God goes on to tell the Israelites that although the whole world is his, they are to be his treasured possession out of all the peoples, a priestly kingdom and a holy nation. These are almost exactly the words that the writer of the first letter of Peter uses as he encourages the early church in its first decades. ‘You are a chosen race, a royal priesthood, God’s own people.’ We’re not God’s chosen people because we’re better than anyone else or more important or God’s favourites. We’re chosen, as the first letter of Peter goes on, ‘in order that you may proclaim the mighty acts of him who called you out of darkness into his marvellous light.’ In other words, we’re chosen for a particular task - to proclaim what God has done, not just for us but for the whole world.
I reflected as I was reading these passages earlier in the week that it’s not difficult to think of ourselves as journeying through a wilderness at this point in time. We might think it sums our situation up rather well: not sure where we are, not clear where we’re going, not very much idea of what lies ahead or how best to navigate our way. But what we do know in it all is what we have seen and heard of God, how God has picked us up, carried us on eagles’ wings, and how God has brought us to himself. We know that because that is our experience. That’s what defines us and will continue to define us as a church. That’s what will hold us and strengthen us and empower us to be what God calls us to be. Because what matters as we emerge from this lockdown is not so much how we’re to be but what we’re to be. We’re to continue to be what God calls us to be; a chosen race, a royal priesthood, God’s own people - not for our own sake, but in order that we might proclaim with our lives all that God has done for his world.

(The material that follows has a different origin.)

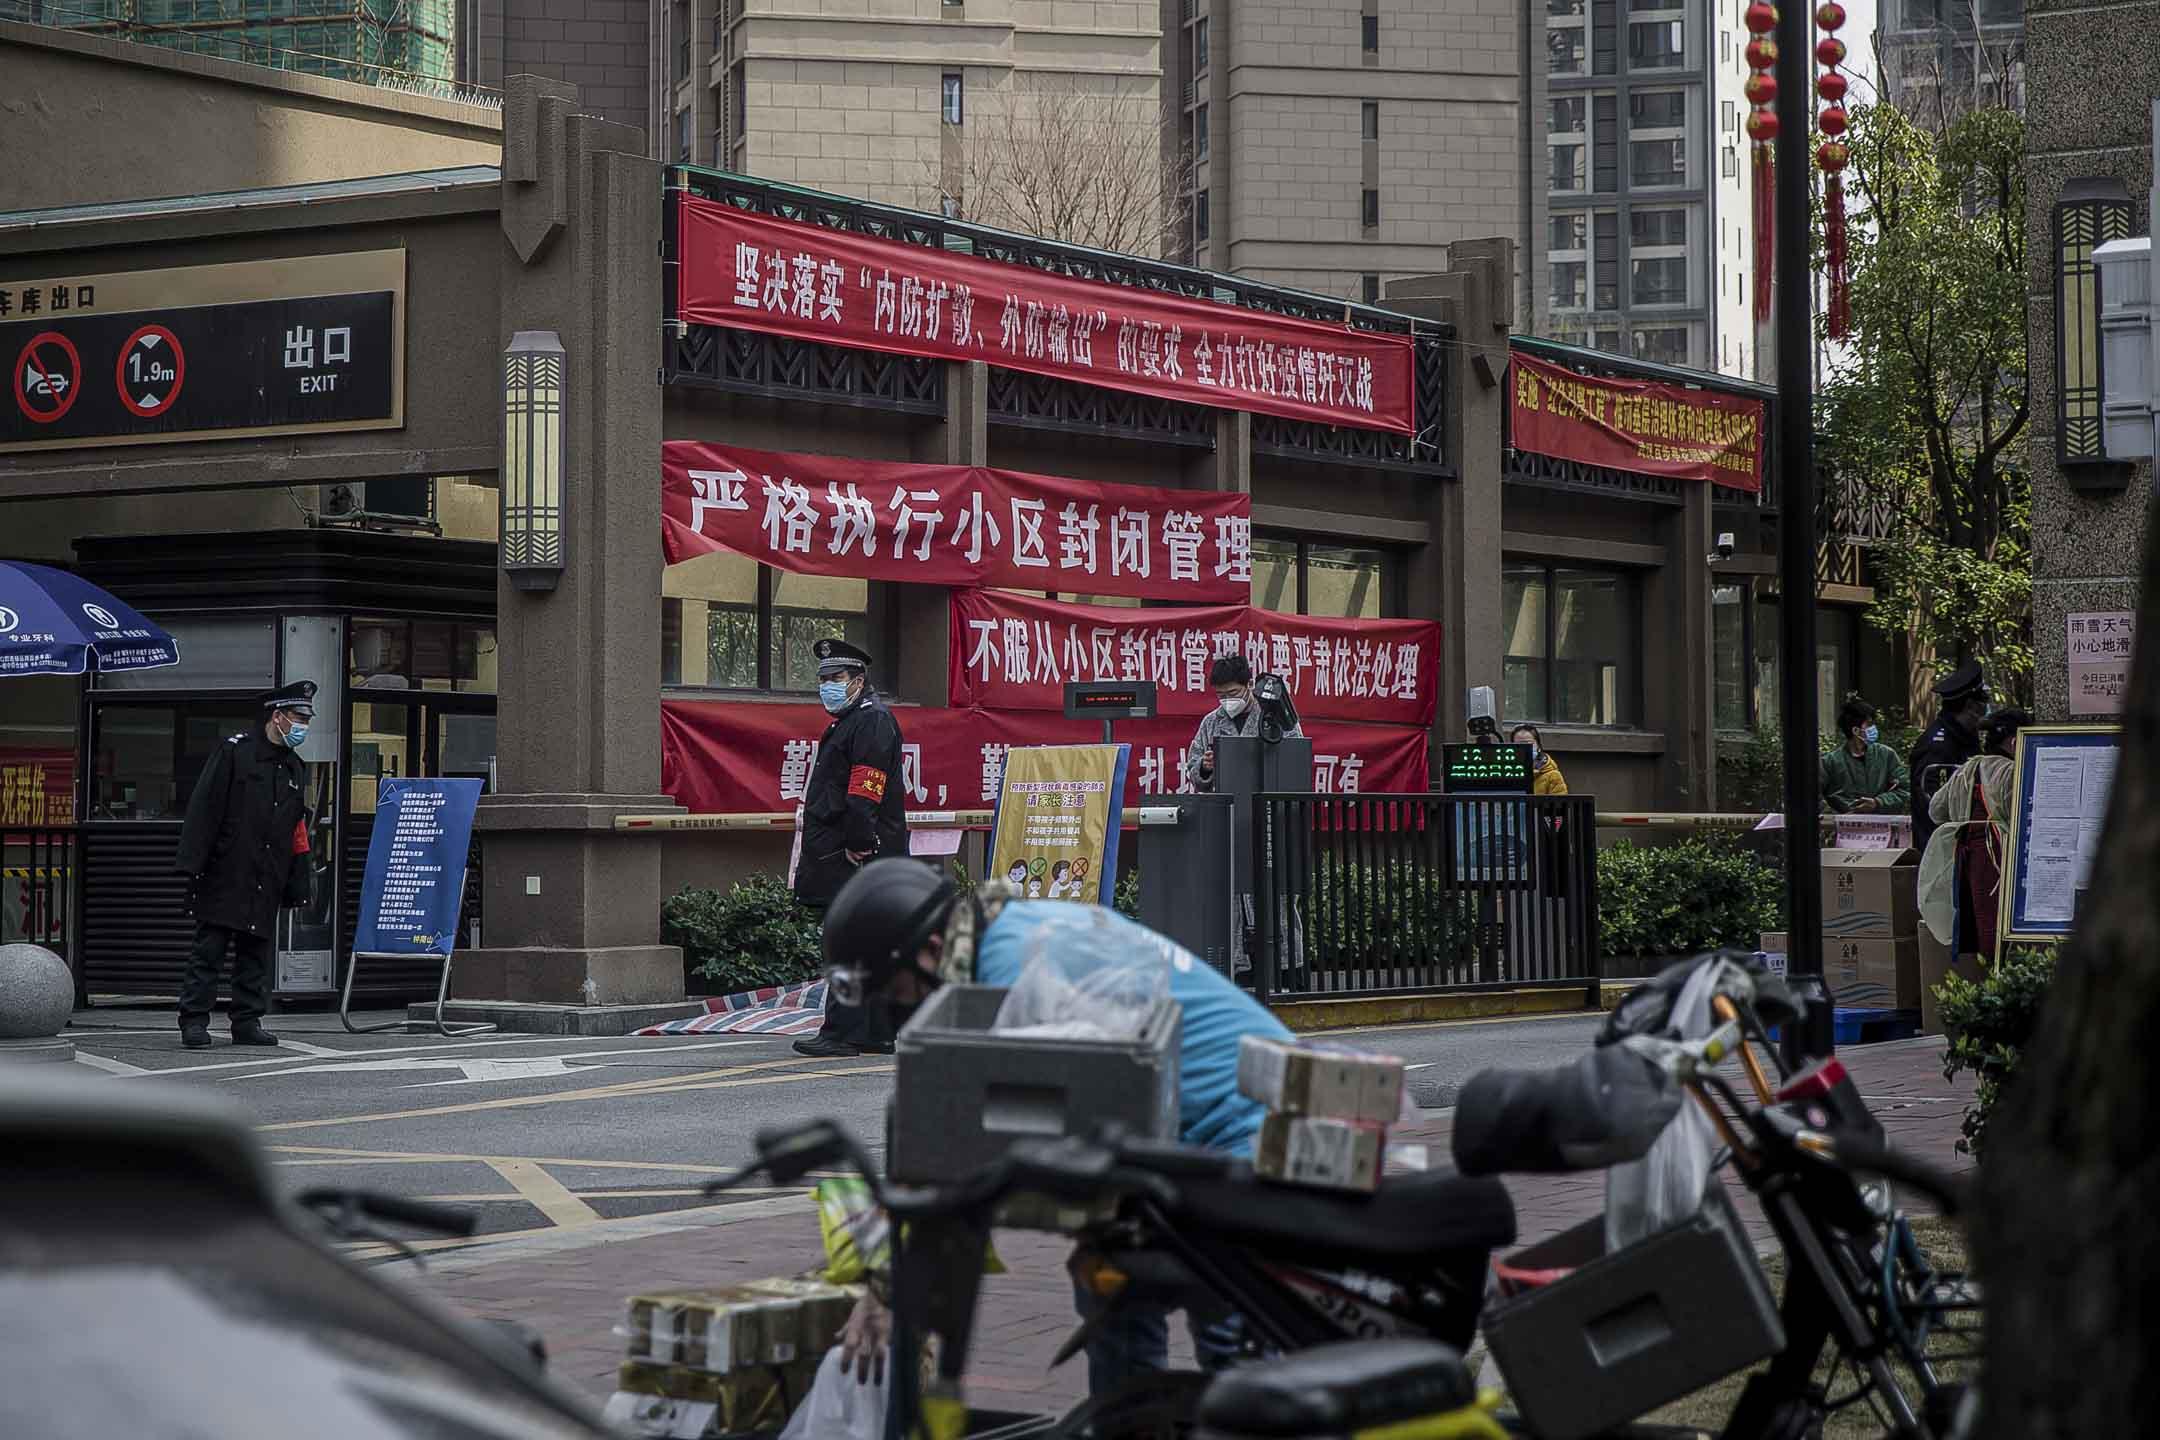 百步亭小區封閉後,武漢居民和快遞員只能在門口交接包裹。 攝:Gerry Yin/端傳媒

Jesus uses not dissimilar language in our gospel reading today. He looks at the crowds and has compassion them - because they were harassed and helpless like sheep without a shepherd. Worried, distracted, wandering aimlessly, perhaps lost, scattered and disorientated. That too could sum up rather well where we are as a world, as a society. And Jesus’s response is to summon his disciples, to give them authority and to send them out. As they go, they are to proclaim all that God has done: the good news that the Kingdom of heaven has come near.
That’s our task; to be the people of God who are sent out. So, this is not about us and what we can do and what we have to offer, whether individually or as a church family. It’s about God and what God has already done and what God can do in and with and through us. Neither is it about the church in terms of its institutional structures and buildings and constitution. It’s about the people of God, the body of Christ here on earth, called and equipped and sent to proclaim the good news and point others to the signs of God’s activity, God’s kingdom, in the world he has created, loved and redeemed.
So as we look forward, as we surely do, to the time when we can meet again in our church buildings let’s pray deeply and intentionally that we may, first and foremost, be faithful to our calling as God’s chosen people - to be signs and signposts to what God has done and is doing - and, as we go, wherever it is that we go, to proclaim the good news, the Kingdom of heaven has come near.